Requirement: Take the data below and extract the lines from the one with "Pia Chevalier is" to the one with "Independent Designer, trained", inclusive, exactly as written.

Supplied data:
Content starts

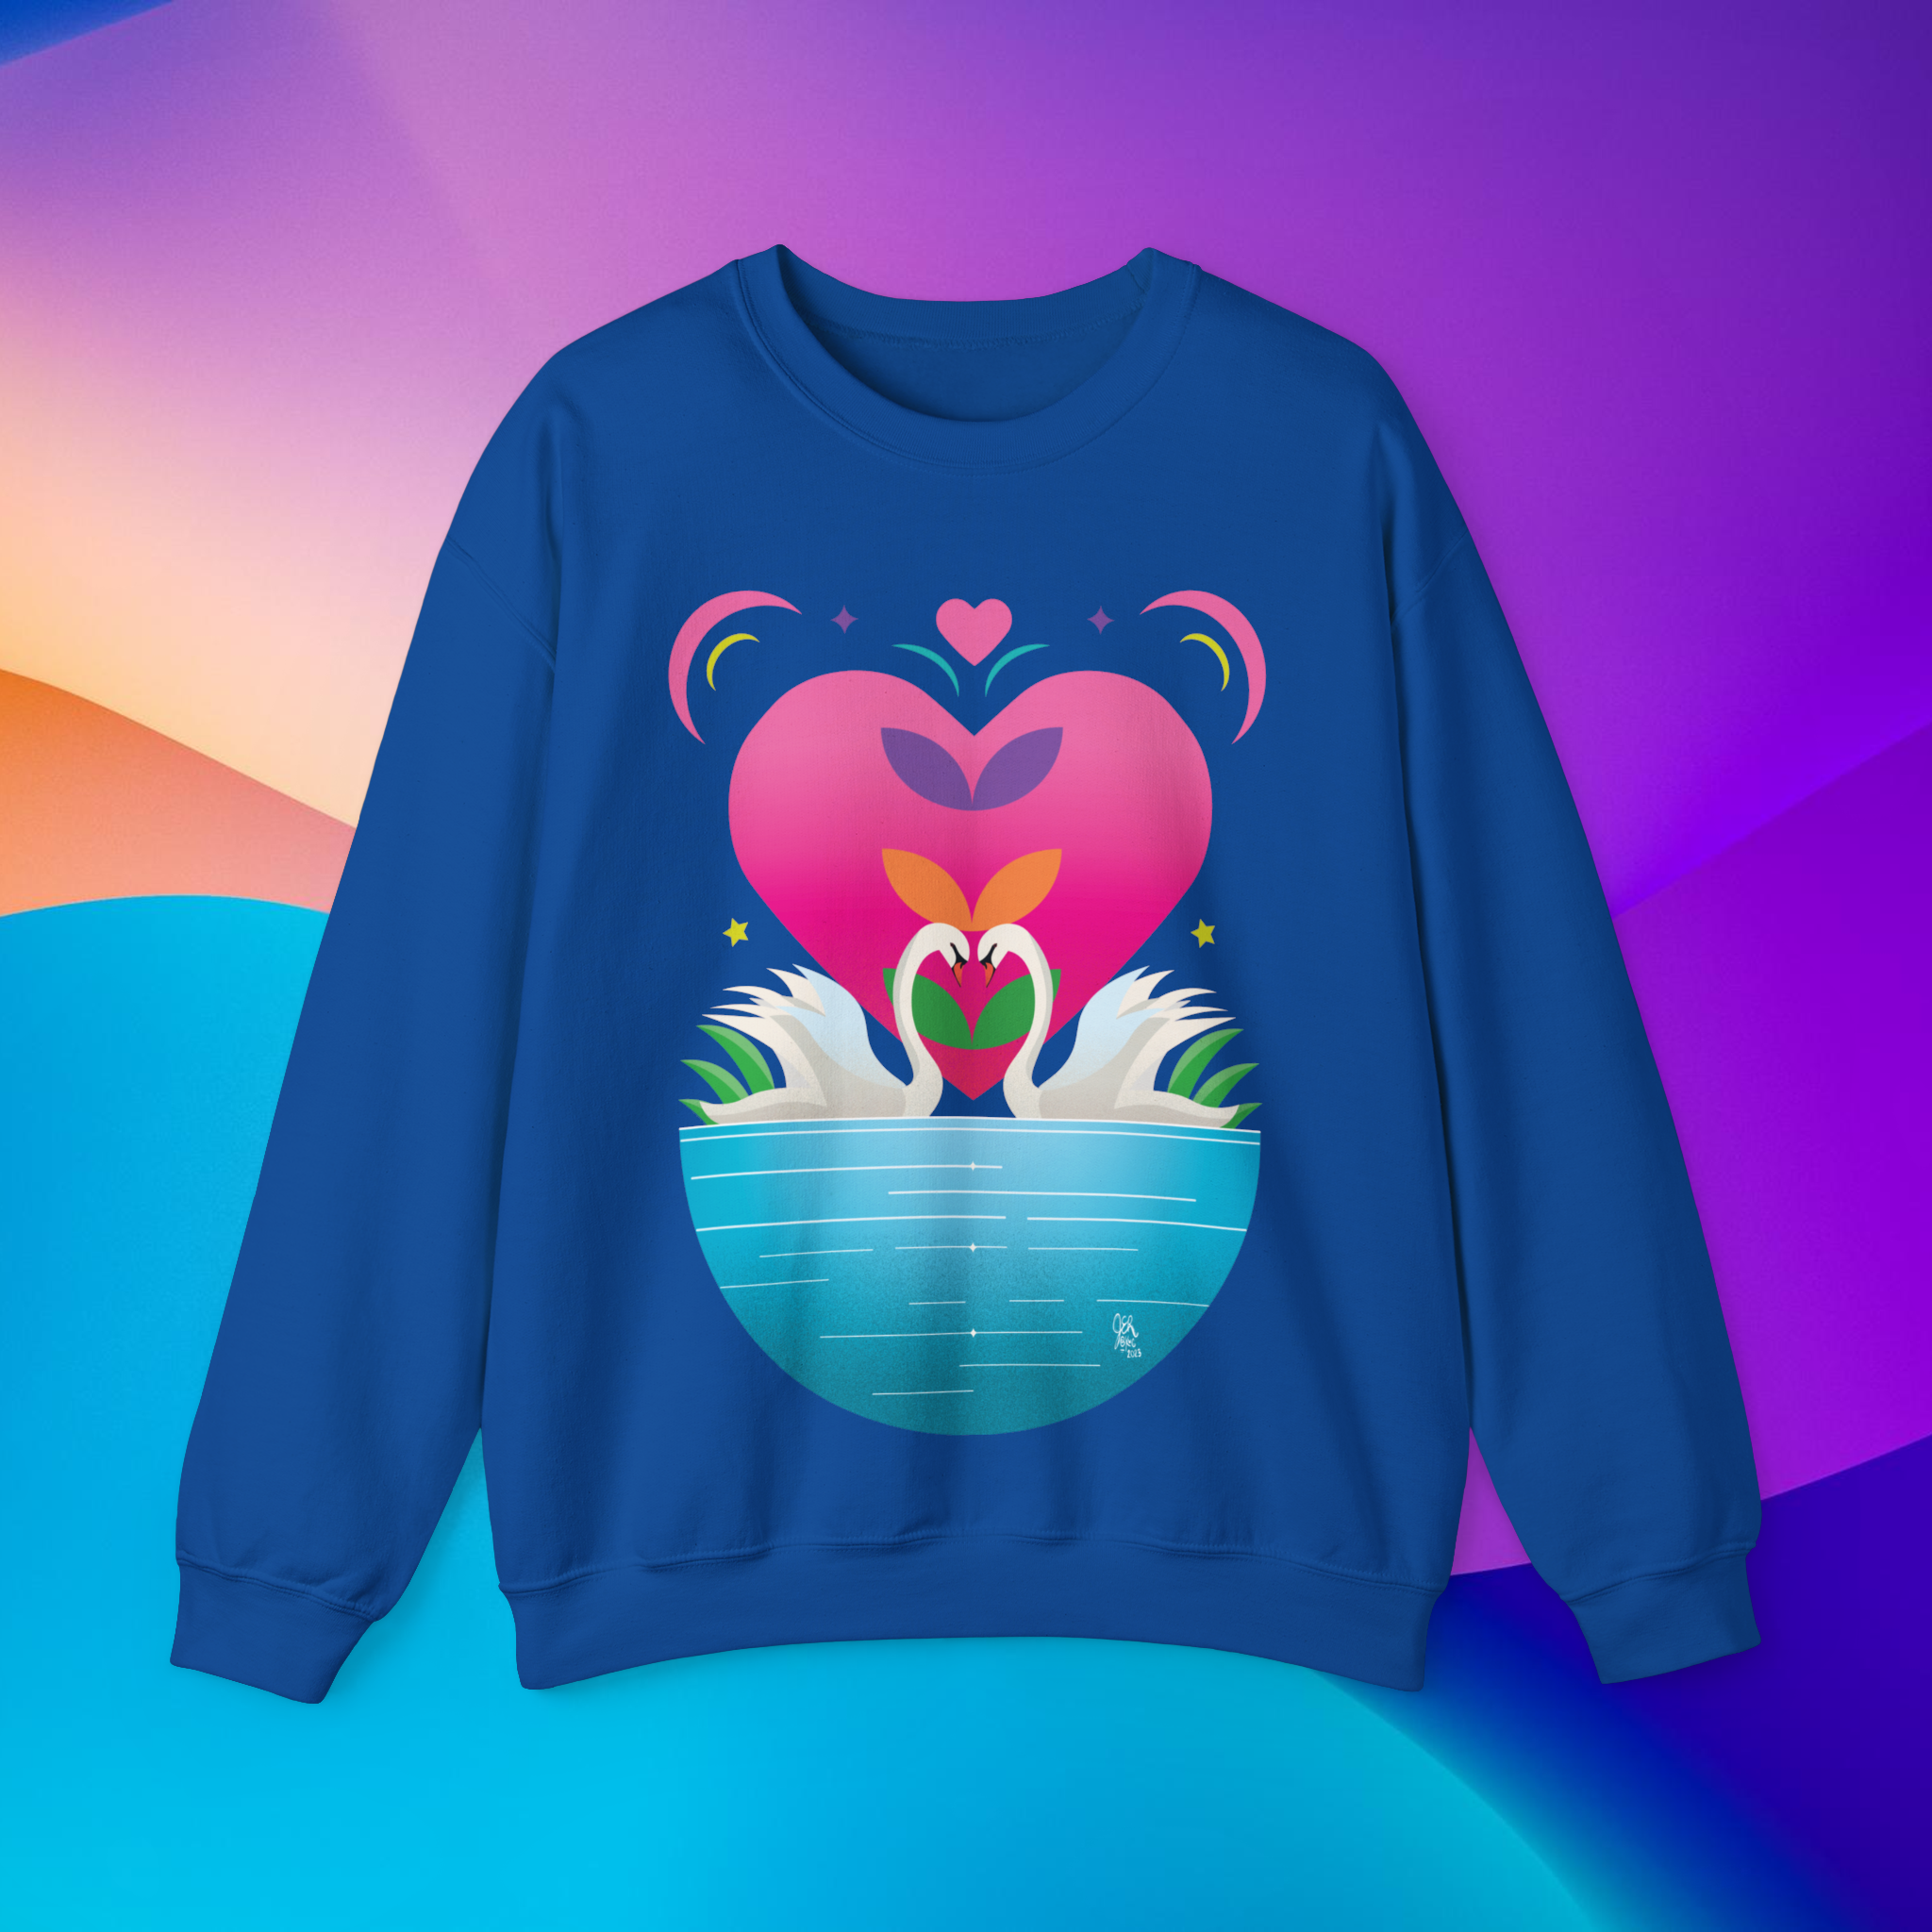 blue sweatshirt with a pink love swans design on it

Content ends
Content starts

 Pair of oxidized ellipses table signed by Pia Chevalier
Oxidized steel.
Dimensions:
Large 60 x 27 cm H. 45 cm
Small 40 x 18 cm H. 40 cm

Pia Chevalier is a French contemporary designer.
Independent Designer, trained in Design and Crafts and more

Content ends

Task response:
Pia Chevalier is a French contemporary designer.
Independent Designer, trained in Design and Crafts and more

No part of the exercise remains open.